En fait, n'en déplaise à Guigou, les revendications des médecins généralistes rejoignent celles des personnels des hôpitaux : une prise en charge sérieuse de la santé publique exige le déblocage des crédits nécessaires. Or justement, ces jours-ci, des grèves continuent dans différents hôpitaux parce que la situation est devenue intenable. Le gouvernement a bien parlé de réduction du temps de travail et d'embauches dans les hôpitaux, mais cela reste sur le papier. En réalité les horaires s'allongent faute de personnel et celui-ci a de plus en plus de difficultés à accueillir correctement les malades.

Ce n'est pas l'argent qui manque dans cette société. Mais il faut savoir à quoi il sert. La fausse réduction du temps de travail due au gouvernement Jospin a surtout servi de prétexte à verser des subventions au patronat en même temps qu'à lui permettre d'imposer la flexibilité des horaires de façon à exploiter encore la main- d'oeuvre comme cela l'arrange. Mais quand on parle de stopper la dégradation des services publics, qu'il s'agisse des hôpitaux, des transports ou de l'éducation, le gouvernement a invariablement la même réponse : pour toutes ces dépenses, qui pourraient servir à améliorer réellement la vie de la population, qui permettraient aussi de créer des centaines de milliers d'emplois utiles à la collectivité, il dit n'avoir plus d'argent.

Pendant ce temps le grand patronat, les banques continuent de faire des affaires en or malgré le ralentissement économique dont tout le monde parle. Car ceux à qui on le fait payer sont les travailleurs, les chômeurs, les licenciés de Moulinex, de Bata, de Marks et Spencer ou d'ailleurs que, après des années passées à travailler dans la même entreprise, on laisse sur le carreau avec des indemnités dérisoires et sans possibilité de retrouver un emploi.

Alors oui, c'est cette répartition des richesses, ce sont ces choix toujours en faveur des plus riches qu'il faut changer.

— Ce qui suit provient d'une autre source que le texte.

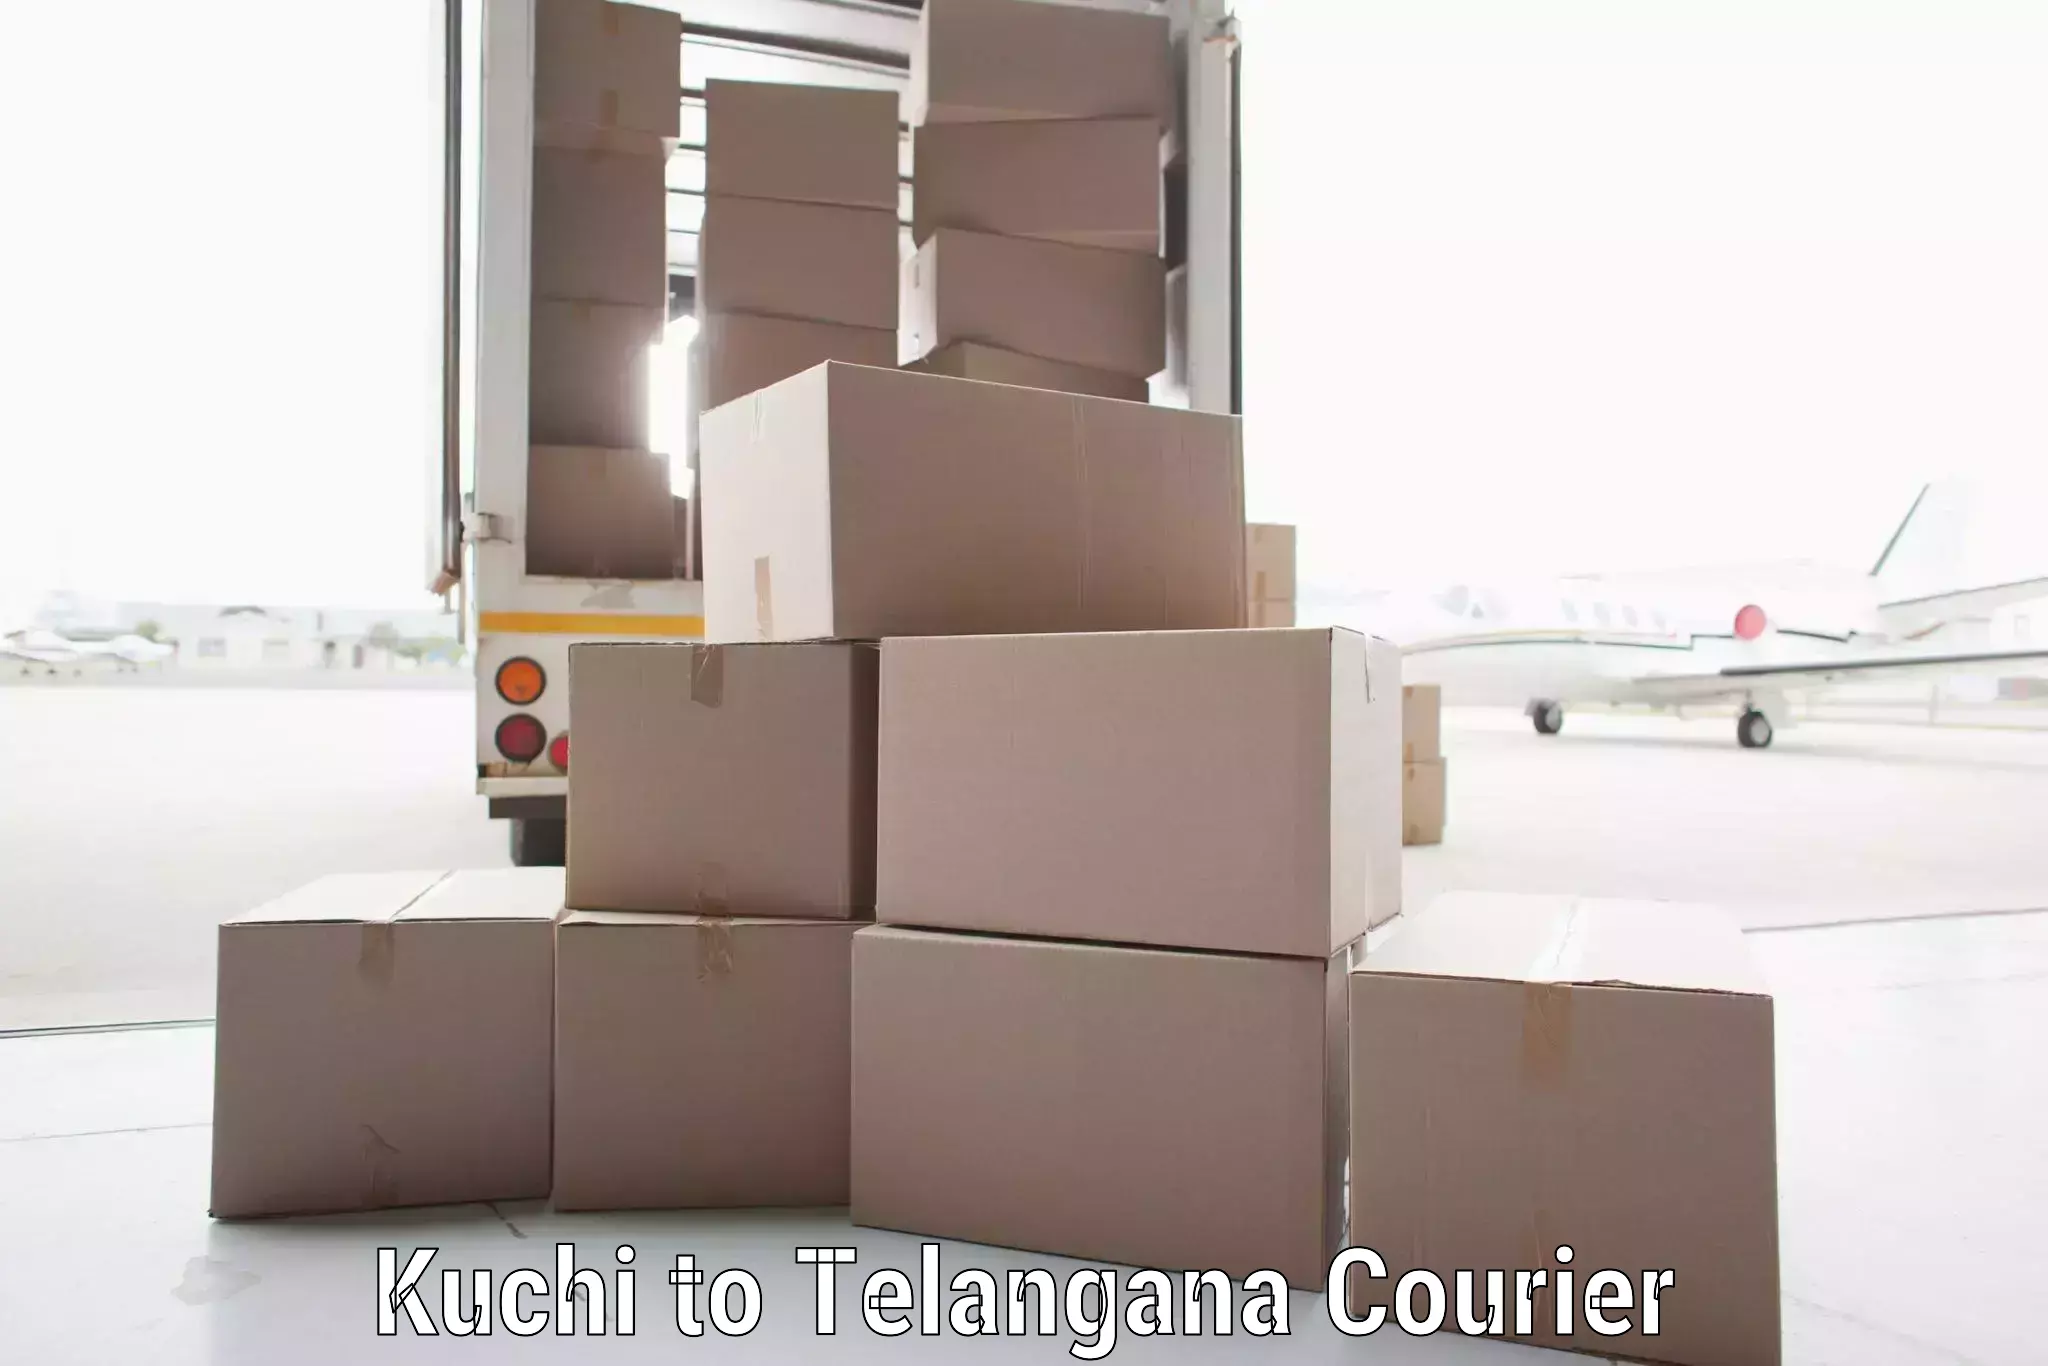 Express logistics providers Kuchi to Yellareddipet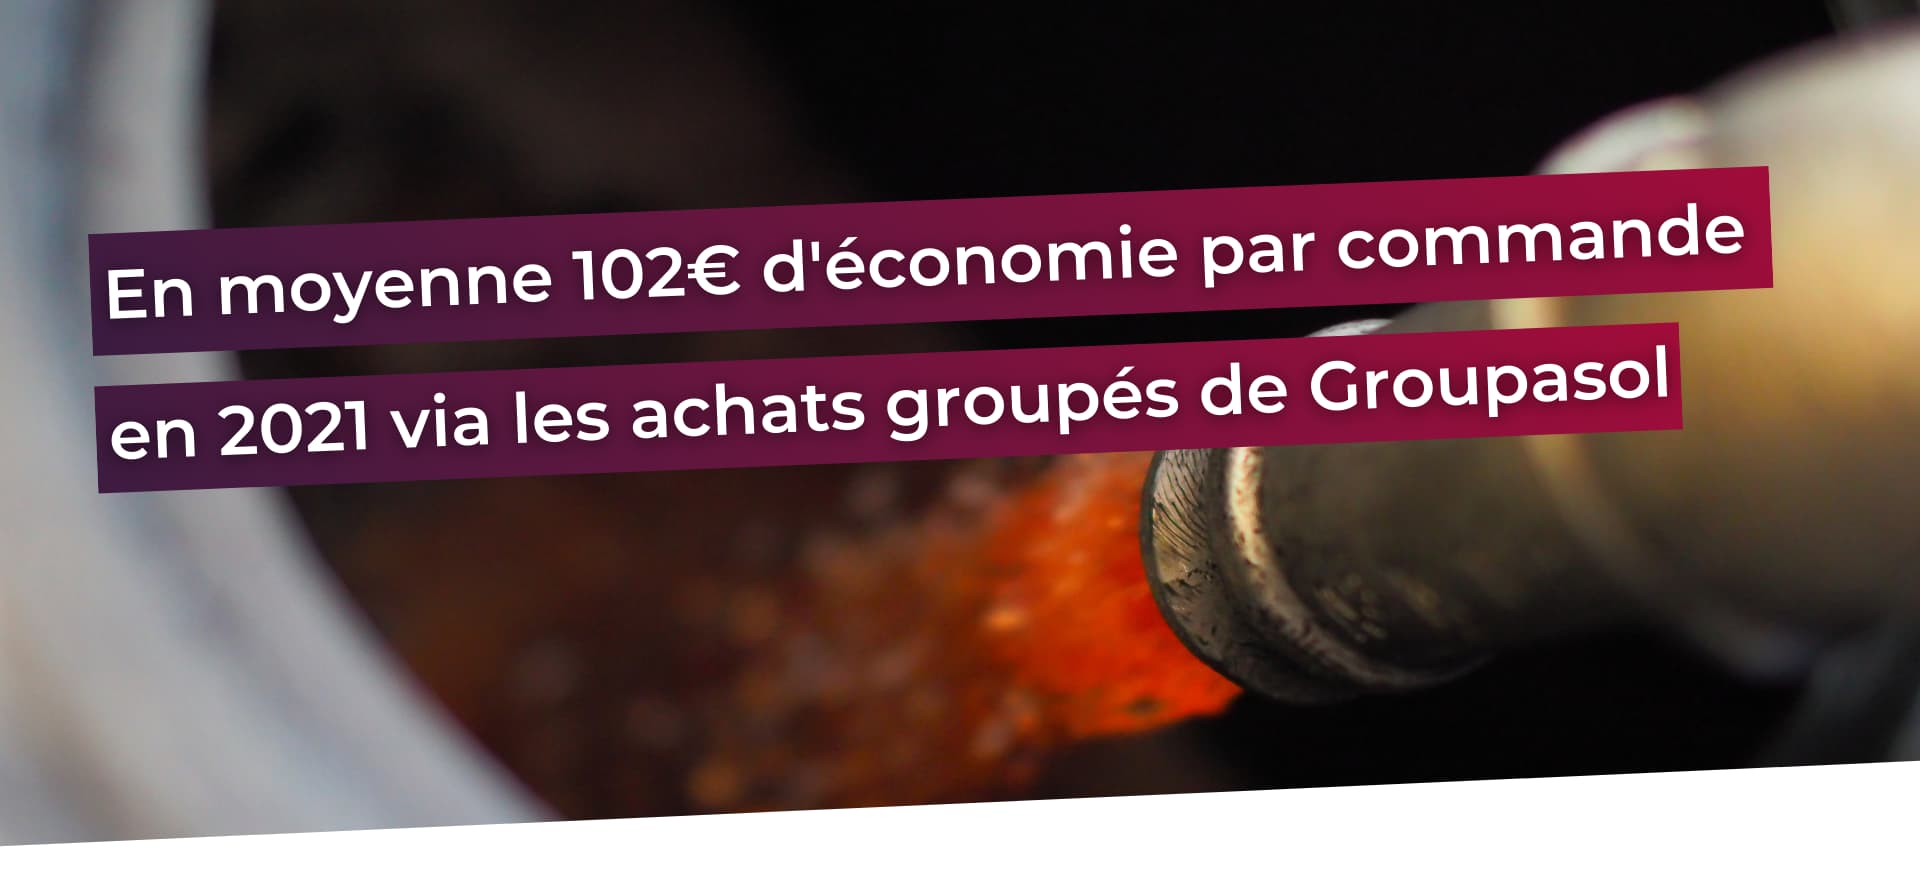 En moyenne 102 € d'économie en 2021 via les achats groupés de Groupasol

C'est à l'avidité des patrons et au cynisme des dirigeants politiques à leur service qu'il faut mettre un terme.

Les travailleurs en ont la force, s'ils se mobilisent tous ensemble à l'échelle du pays, voire au-delà des frontières maintenant qu'une monnaie commune met les travailleurs des différents pays directement en mesure de vérifier les différences et de voir qu'ils sont aussi mal payés les uns que les autres. Et ils ont même la force et la capacité de changer ce système capitaliste, incohérent, injuste et de plus en plus intolérable.